Monday, May 10, 2010

EMC World: EMC takes the wraps off VPLEX


May 10, 2010 -- Beam me up, Joe Tucci. EMC kicked off its "Journey to the Private Cloud" at its 10th annual EMC World conference in here in Boston with another offering upon the altar of virtual storage – EMC VPLEX, a new scale-out architecture that can "teleport" applications from one data center to another.

The VPLEX appliance creates scale-out clusters with up to 8 nodes (N+1 and N-1) that EMC says can be dropped into an existing data center, virtualize third-party storage arrays (even the ones made by the "bad guys") and non-disruptively move/relocate virtual machines (VMs), their applications and associated information.

For full coverage of the VPLEX product launch, see "EMC Claims Answer for Latency in Global Storage Networks" from sister site Enterprise Storage Forum.

I'd love to get some reactions from actual EMC users, but the media has been set up in a comfy ballroom in the hotel next to the convention center for our convenience, of course.

We're free to stroll over to the show floor, but that might be a bit tough to do and still make it back in time for the live video feed of the rest of the day's presentations.

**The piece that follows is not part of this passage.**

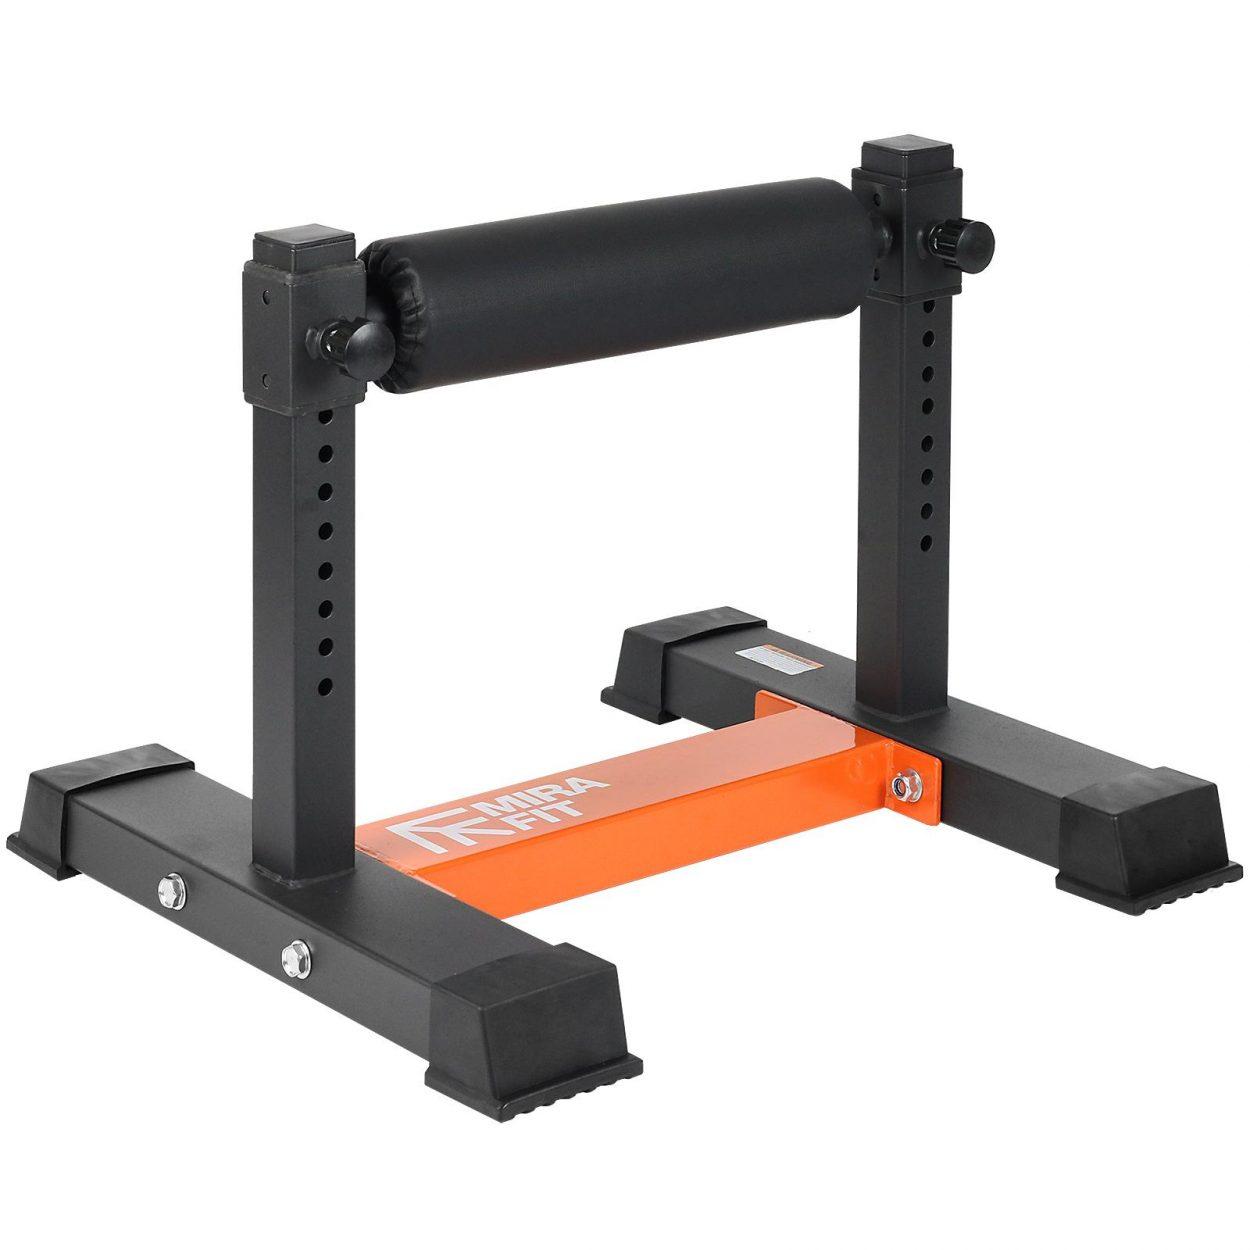 Mirafit Single Leg Split Squat Stand – Fully Adjustable

Some tidbits from the show:

• There are two versions of the VPLEX appliance available today. 1.) A local configuration for "simplified mobility," meaning technology refreshes and rollovers inside the data center. 2.) The Metro version that connects synchronous data centers over distances of up to 100km.

• VPLEX only does block storage, no support for file or object-based storage.

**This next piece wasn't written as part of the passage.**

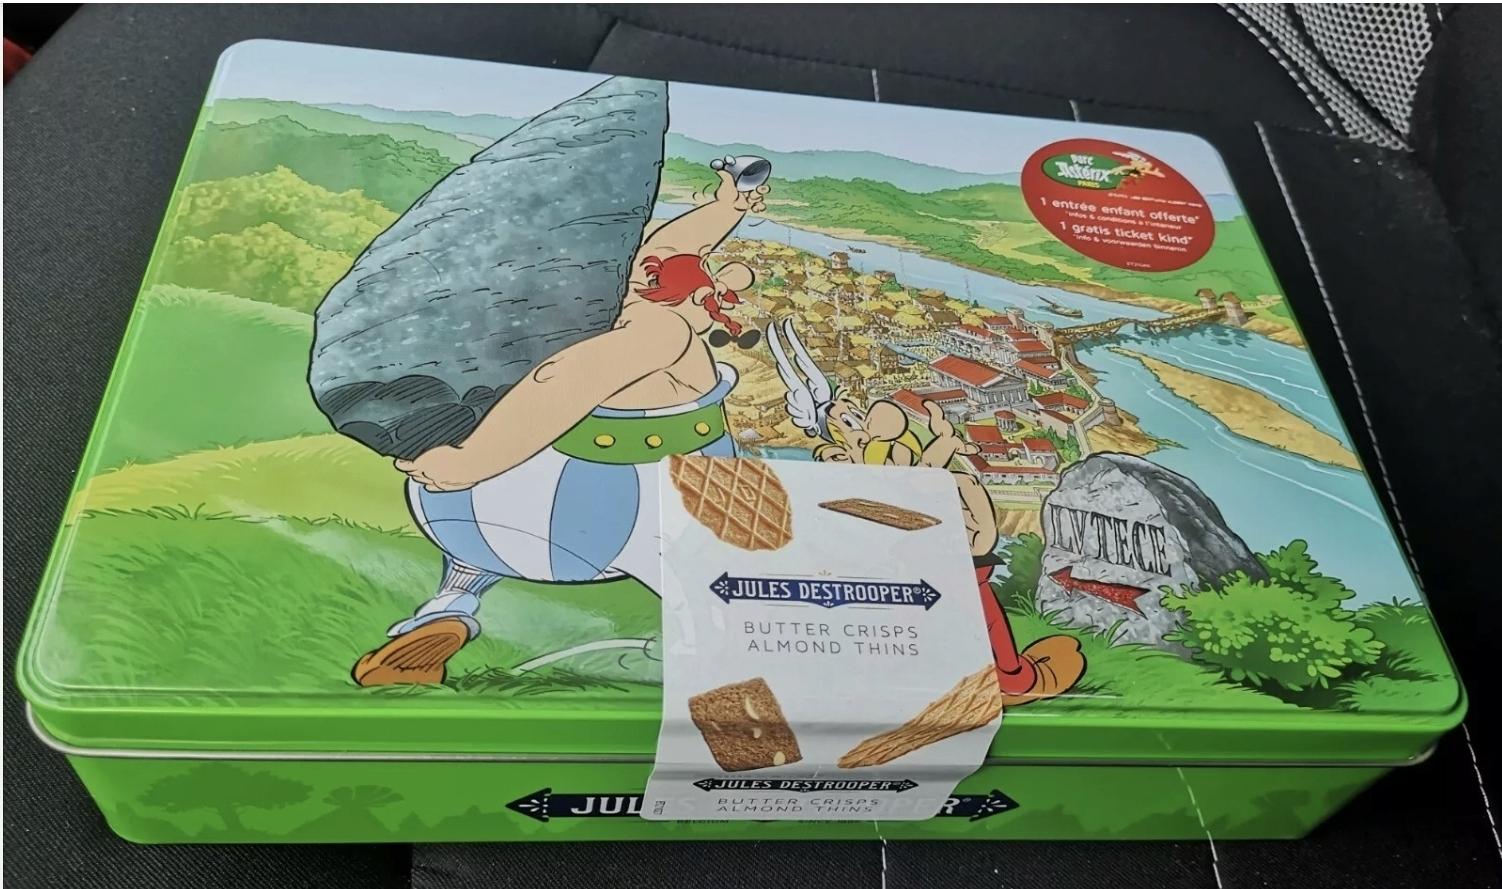 Coffret Astérix et Obelix pour les biscuits JULES DESTROOPER Screen48

• List prices start at $77,000 for a VPLEX local configuration and EMC is also offering a software subscription service for $26,000.

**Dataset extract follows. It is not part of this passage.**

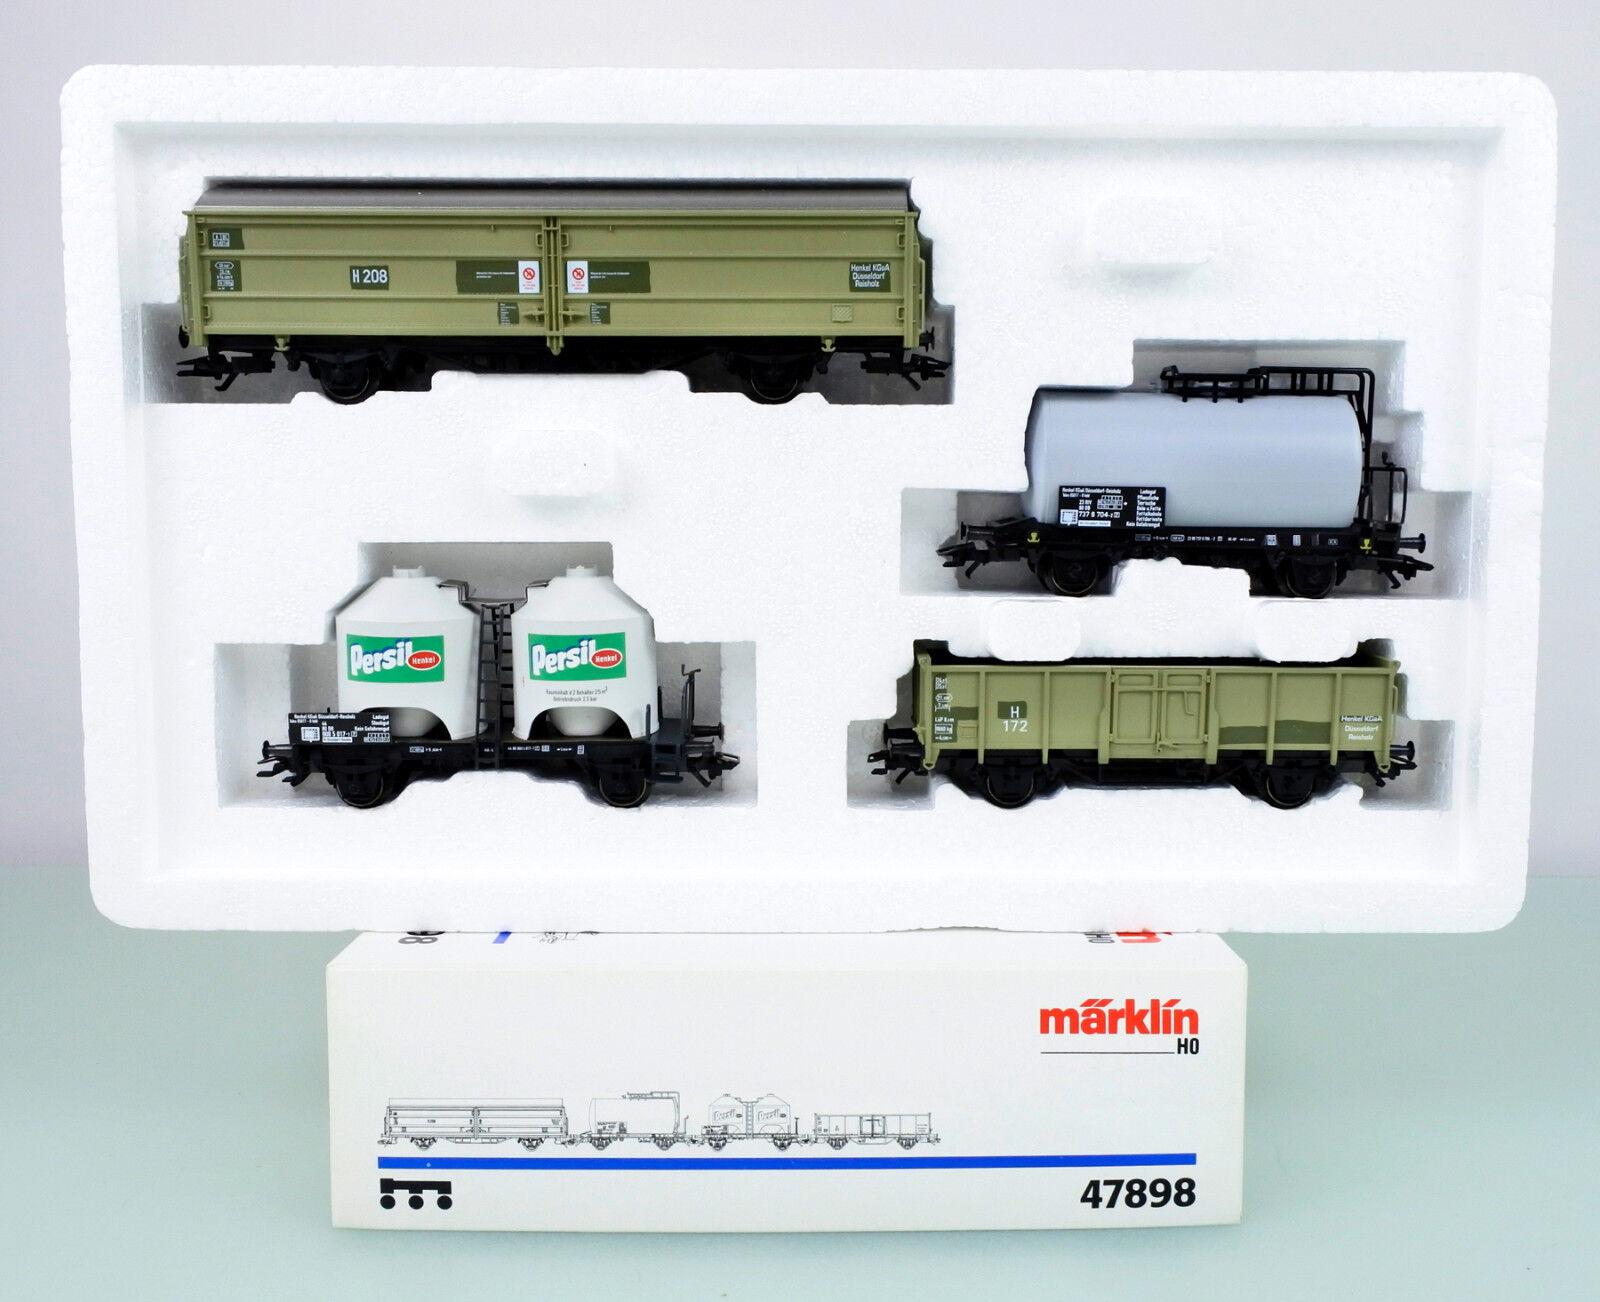 Marklin HO Scale 47898  Henkel  4 Conjunto De Coche de carga

• EMC expects revenues for VPLEX to ramp in 2011, but expectations for 2010 are "quite modest."

• EMC also claims that their approach with VPLEX is to "really drive standards like SMI-S" – Brian Gallagher, president, EMC's storage virtualization product group…SMI-S? Really?

• Pat Gelsinger, president and COO, EMC information infrastructure products said a new version of EMC's FAST (fully automated storage tiering) technology is set to be announced tomorrow.